In most cases (in most of the code), they are rare,
because usually you e.g. don't have as many elements.

However, it's exceptionally easy to fall into this pitfail
in code that deals with images, because, assuming 4-channel 32-bit FP data,
you need *just* ~269 megapixel image to case an overflow
when computing at least the total byte count.

In darktable, there is a *long*, painful history of dealing with such bugs:

and yet they clearly keep resurfacing still.

It would be immensely helpful to have a diagnostic for those patterns,
which is what this change proposes.

Currently, i only diagnose the most obvious case, where multiplication
is directly widened with no other expressions inbetween,
(i.e. long r = (int)a * (int)b but not even e.g. long r = ((int)a * (int)b))
however that might be worth relaxing later.

Diff Detail

Event Timeline

lebedev.ri requested review of this revision.Dec 26 2020, 5:49 AM
lebedev.ri created this revision.
Herald added a project: Restricted Project. · View Herald TranscriptDec 26 2020, 5:49 AM
Herald added a subscriber: cfe-commits. · View Herald Transcript
  • Properly handle dependent types (bailout instead of crashing)
  • Add ASTContext::getCorrespondingSignedType()
  • Add fix-it for the unsigned long r = int(x) * int(y) case

Haven't reviewed the code in detail, but the idea seems sound.
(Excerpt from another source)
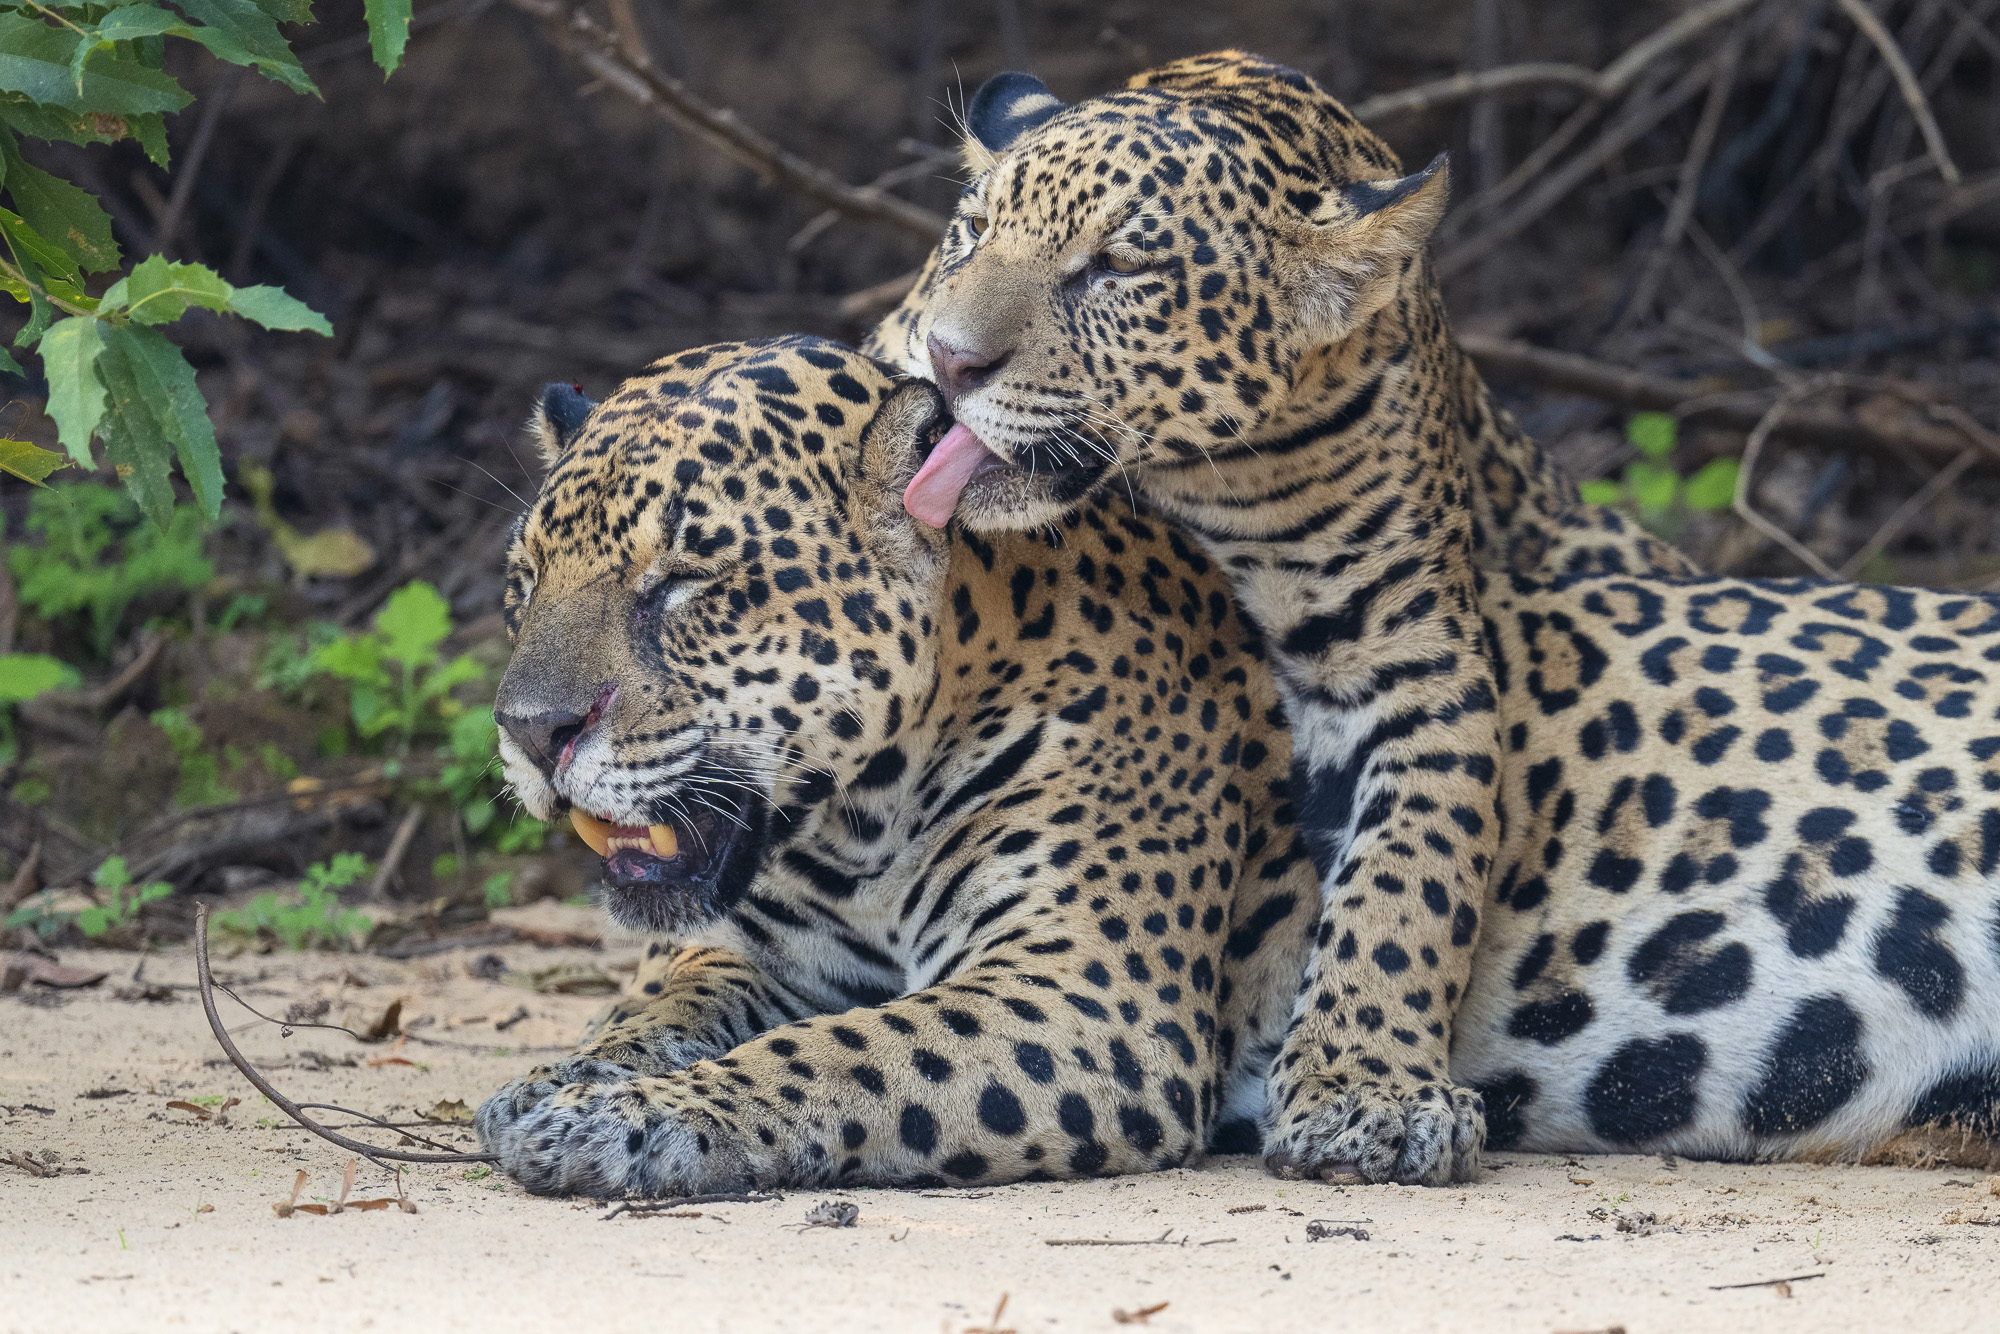 Pantanal, Brasilien - jaguarer, jätteuttrar och aror. Fotoresa med Wild Nature fotoresor. Foto: Staffan Widstrand

Is there any prior art in other compilers you can draw data/experiences from? & having some data from some reasonably sized codebases on false positive (how often the correct thing is to suppress the warning, versus fixing the warning) would probably be useful. I would guess it doesn't meet the on-by-default bar we would prefer for Clang, but might still be OK.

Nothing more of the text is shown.